Nationalgeographic.co.id—Sekitar Oktober 1945, Sukarno pernah mengajukan banding ke Amerika Serikat yang bersikap netral dalam perjuangan antikolonialisme yang merebak di seluruh dunia. Sayangnya, pengajuan banding ini tidak digubris oleh AS.
Perdana Menteri Indonesia pertama Sutan Sjahrir kembali ke Washington pada Desember untuk bertemu dengan Presiden Harry S. Truman.
Dia memohon, "dalam kapasitas Anda sebagai [Presiden] sebuah negara yang netral dan tidak memihak, [kami berharap] Amerika Serikat akan memberikan bantuan yang kami perlukan." Lagi-lagi, AS tidak menghiraukannya.
Ketidakpedulian AS bukan tanpa alasan. Mereka sedang disibukkan dengan membangun kembali sekutu-sekutunya di Eropa setelah Perang Dunia II. Bantuan yang diberikan berdasarkan Marshall Plan yang membuat negara-negara Eropa barat kelak harus membawa keuntungan pada AS. Dengan Marshall Plan, AS ingin membangun kekuatan menghadapi Uni Soviet yang juga kuat.
AS sendiri punya prinsip bahwa kemerdekaan dan kebebasan harus diperjuangkan. Sebab, AS sendiri merupakan bekas 13 koloni di benua Amerika yang pernah diperas Inggris. Mantan Presiden AS Franklin D. Roosevelt bahkan menyatakan, semua orang di muka bumi berhak untuk menentukan nasib sendiri, termasuk kemerdekaannya, melalui Piagam Atlantik 1941.
Masa awal setelah Perang Dunia II cukup sulit bagi AS untuk bersikap. Jauh sebelum Kekaisaran Jepang masuk ke dalam cerita sejarah kemerdekaan Indonesia, AS sangat berpihak kepada Belanda. AS tidak punya peran dalam urusan rumah tangga Belanda dan koloninya di Hindia karena kesepakatan politik.

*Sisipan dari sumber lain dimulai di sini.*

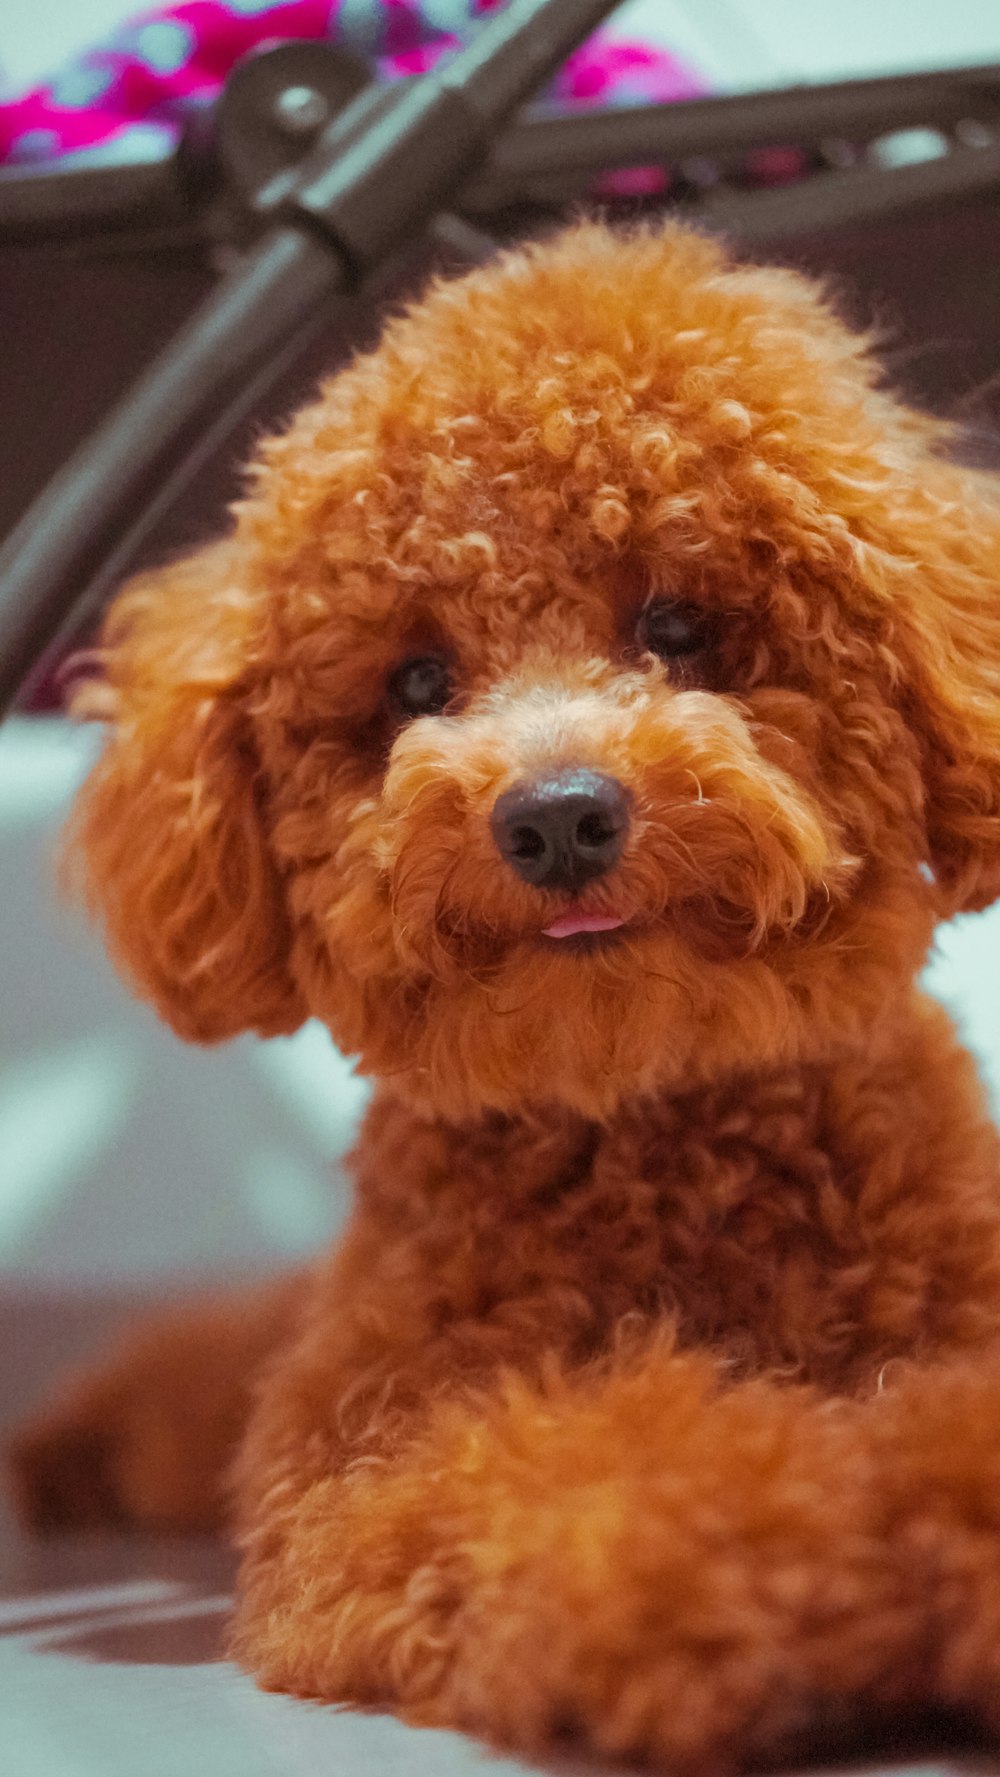 Brown long coated small dog photo – Free Poodle Image on Unsplash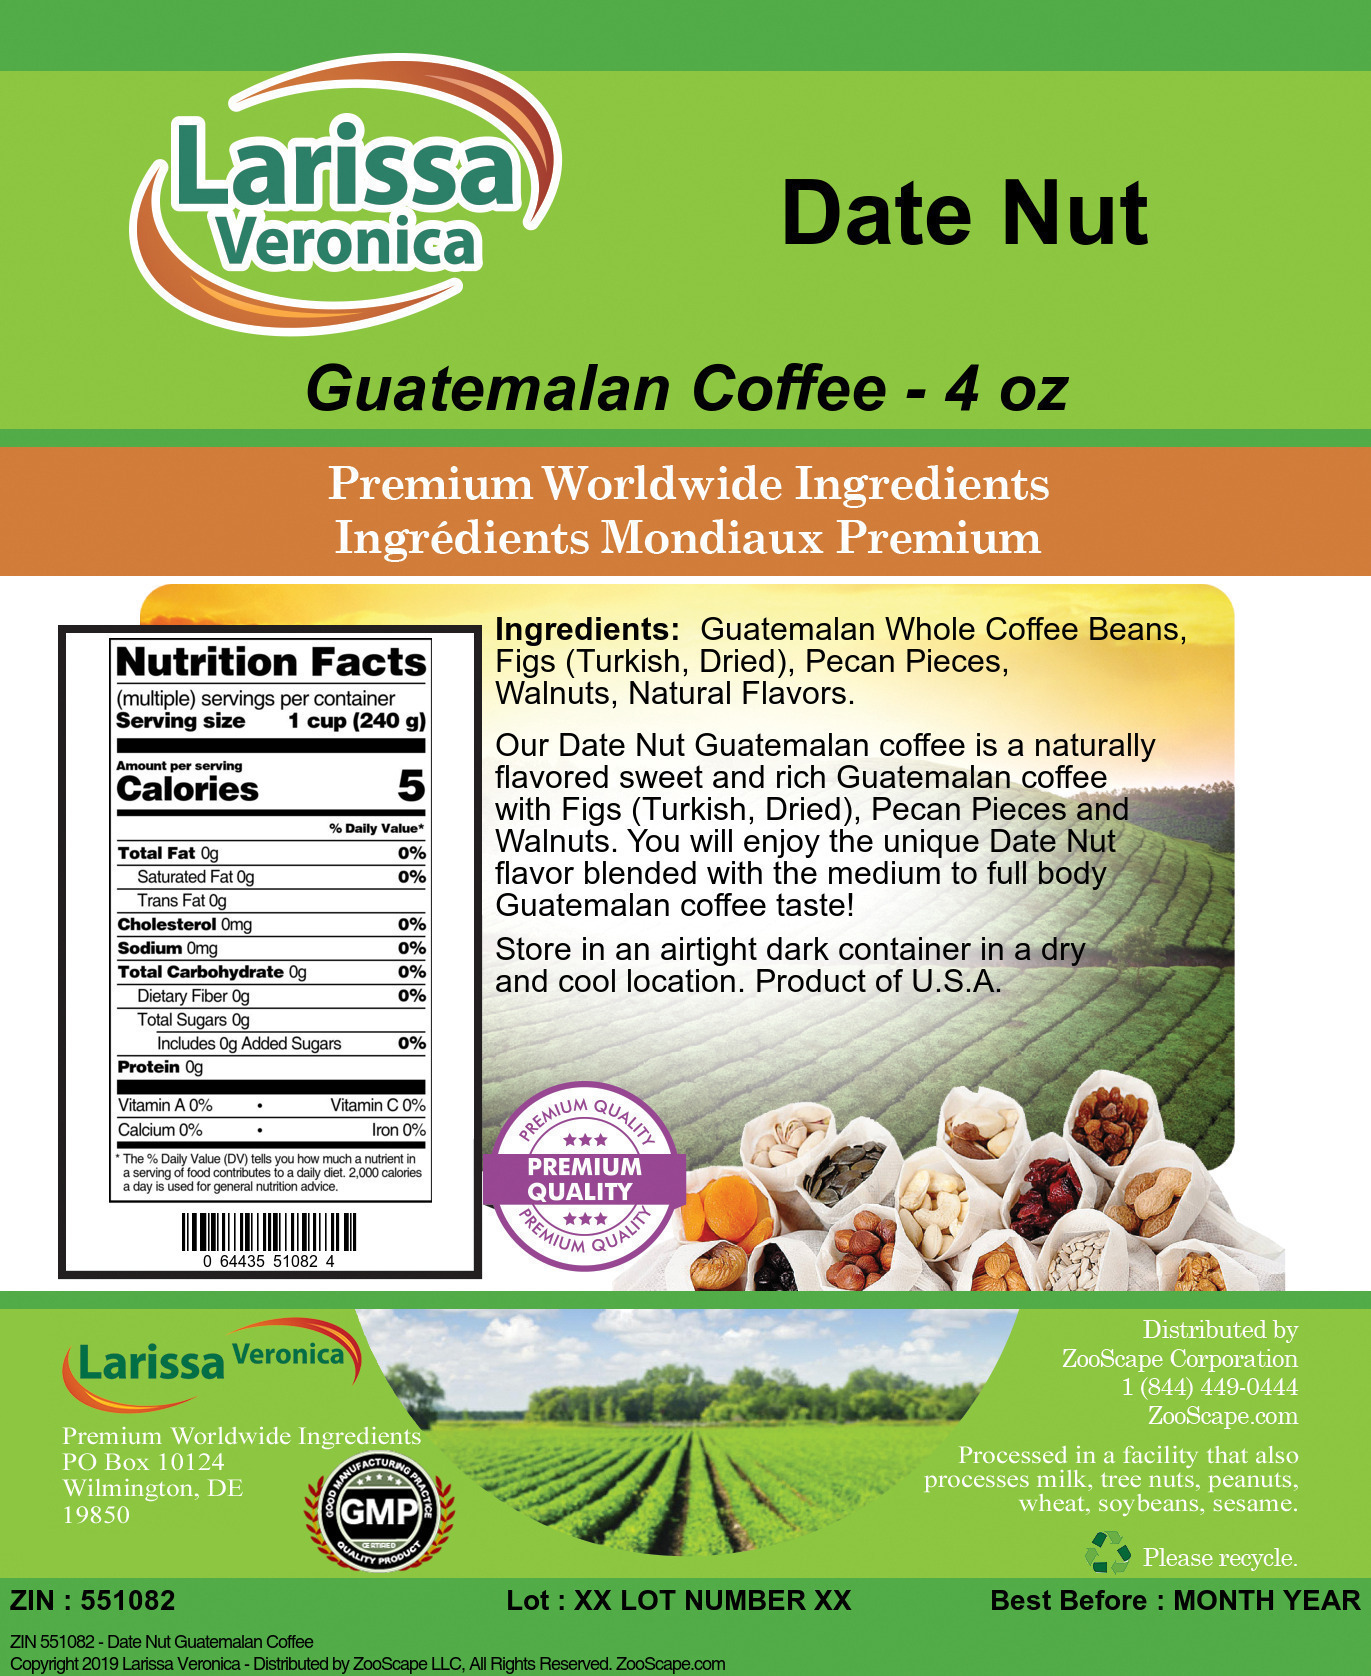 Date Nut Guatemalan Coffee - Label

Tanggung jawab AS jadi besar terhadap koloni Hindia Belanda menjelang Perang Dunia II. Sebelum Jepang masuk ke Hindia Belanda, Gubernur Jenderal Van Mook dan Jenderal Douglas MacArthur sempat mengadakan kesepakatan tentang pengembalian Hindia ke Belanda setelah Perang.
Agustus 1945, Kekaisaran Jepang menyerah tanpa syarat, namun Indonesia memproklamasikan kemerdekaannya. Selama 3,5 tahun kependudukan Jepang mendorong nasionalisme berkembang lebih pesat dari masa sebelumnya. Upaya kemerdekaan ini memiliki lembaga, rancangan ideologi, UUD, dan berbagai laskar pejuang yang terorganisasi.
Dalam buku War Against Japan Vol. 2, The Surrender of Japan, yang ditulis oleh veteran Sekutu menulis "Metamorfosis nyata terjadi selama tahun-tahun perang dan bangkitnya nasionalisme fanatik, yang karena alasan tertentu tidak disadari oleh Intelijen Sekutu dan Belanda."
Setelah Perang Dunia II, sikap AS atas antikolonialismenya yang netral cenderung berpihak secara diam-diam dalam kebijakan luar negeri. Dia justru mendukung sekutu-sekutunya yang sedang berupaya menancapkan kembali kolonialisme seperti Belanda di Indonesia dan Prancis di Vietnam.
Frances Gouda dan Thijs Brocades Zaalberg dalam buku American Visions of the Netherlands East Indies/Indonesia mengungkapkan bahwa AS sangat berhati-hati untuk menjalankan agenda anti-imperialis yang sebelumnya diserukan Presiden Roosevelt.
Kondisi yang terjadi saat ini, AS berhadapan dengan negara-negara Eropa yang merupakan sekutunya untuk mempertahankan jajahannya. Di satu sisi, di negeri-negeri jajahan mereka menghadapi kekuatan komunis yang radikal dan bersekutu dengan serikat buruh yang membahayakan pemulihan kapitalisme di Eropa.
Jika AS mendukung gerakan nasionalis di negeri-negeri jajahan di Asia Tenggara, mungkin membahayakan kepentingannya untuk memengaruhi politik dan praktik ekonomi di Eropa. Padahal, AS sendiri adalah negara terkemuka yang merancang Piagam PBB untuk mewujudkan kemerdekaan.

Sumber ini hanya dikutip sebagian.